日産がGT-Rを出し続けようと思ったら、いずれフルモデルチェンジが必要になるんでしょうけど、たぶん次のモデルは今の価格帯では出せない。特別なプラットフォーム(車台)で造っているし、性能面などを考えたら、もっと高い価格で出さざるをえないからです(編集部注:最新のGT-Rはベース車「ピュアエディション」の車両本体価格が1023万0840円)。

今の日産のブランド力や販売店の店構えなどを考えると、仮に次期型GT-Rが開発されていたとして、それが1500万円ぐらいの価格設定だとしても、R35GT-Rよりももっと売れるかといったら売れません。ならば今のままR35GT-Rをしばらく造り続けたほうが得策となります。

日産がGT-Rをフルモデルチェンジしたとして、その投資分を回収できるビジネスプランは立てられないんじゃないでしょうか。

塩見智(しおみ さとし)/ライター、エディター。1972年岡山県生まれ。関西学院大学卒業後、山陽新聞社、『ベストカー』編集部、『NAVI』編集部を経て、フリーランスのエディター/ライターへ。専門的で堅苦しく難しいテーマをできるだけ平易に面白く表現することを信条とする。自動車専門誌、ライフスタイル誌、ウェブサイトなど、さまざまなメディアへ寄稿中。日本カー・オブ・ザ・イヤー選考委員(撮影:尾形文繁)

塩見:R35GT-Rは発売当初のベースモデルは車両本体価格が800万円を切っていました。フェラーリやポルシェよりもはるかに安かった。この価格帯なら存在する意味が十分にあったと思います。パフォーマンスを考えたら全然安かったじゃないですか。ところが今はもう結構高くなっている。正直、もう台数的には全然相手にされなくなっちゃいました。

五味:クルマ造りは結局、販売力をベースに考えておかないといけないので難しい。フェラーリと同じ性能を持っていても、フェラーリと同じ価格設定で売れますかといったら、日産には難しい。フェラーリが高くても売れるのは、フェラーリのブランドがあり、富裕層との強いパイプを持った販売体制も整っているからです。
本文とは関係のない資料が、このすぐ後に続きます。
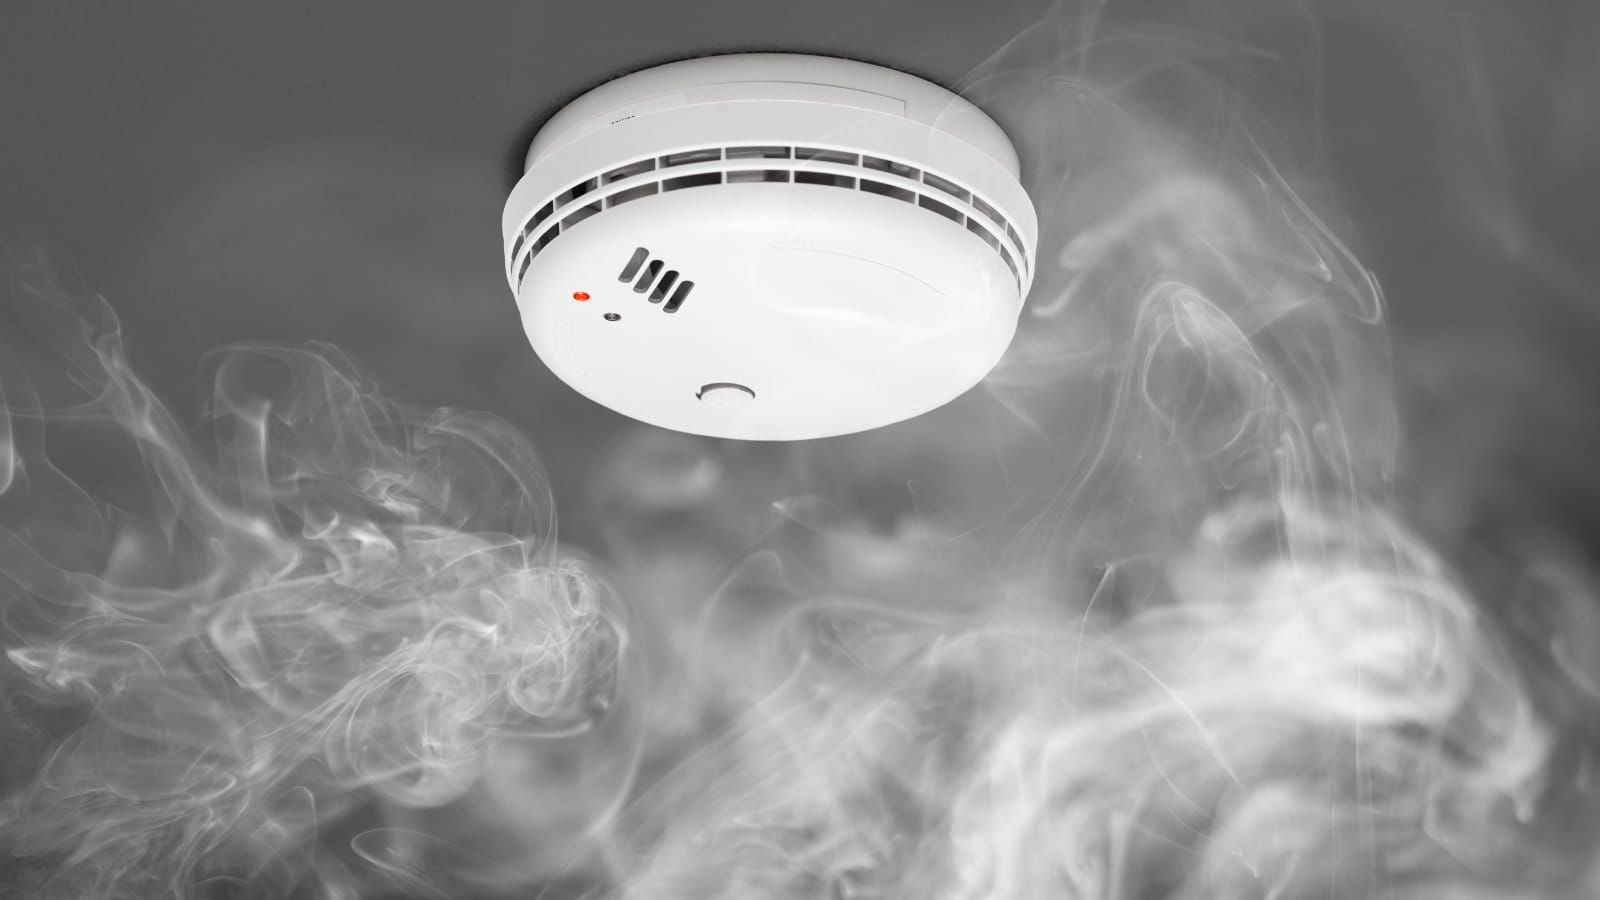 Smoke alarm activated with visible smoke against a gray background, illustrating the importance of fire safety and the functionality of smoke detectors in a home setting.

塩見:歴史を振り返るとスカイラインGT-Rは1969年に初代がデビューして、2代目は1973年の1年だけ販売されました。それから16年経ってR32GT-Rが復活するワケですが、その間にスカイラインには4気筒エンジンの高性能仕様がありました。それに「GT-R」の名前は冠されなかった。

日産は中途半端な車にはGT-Rブランドを使わなかったんです。日産は今、GT-Rの「ブランド貯金」をどんどん食い潰していっていると思っています。

次世代モデルは現行の延長線上でいいのか?

山本:ただ、GT-Rの歴史を振り返ると、第1世代は桜井眞一郎さん、第2世代は伊藤修令さん、で、第3世代は水野さんと田村さんがそれぞれの開発担当者ですが、意外にクルマに共通項はありません。

初代GT-Rは、レーシングカー用のエンジンを市販用にデチューンした2000cc直列6気筒の自然吸気エンジンを搭載していました。第2世代は、レースで勝つために最適なパッケージングという造り方で、2600cc直列6気筒のツインターボエンジン。R35GT-Rは世界に向けたクルマ造りで3800ccのV型6気筒ツインターボエンジンです。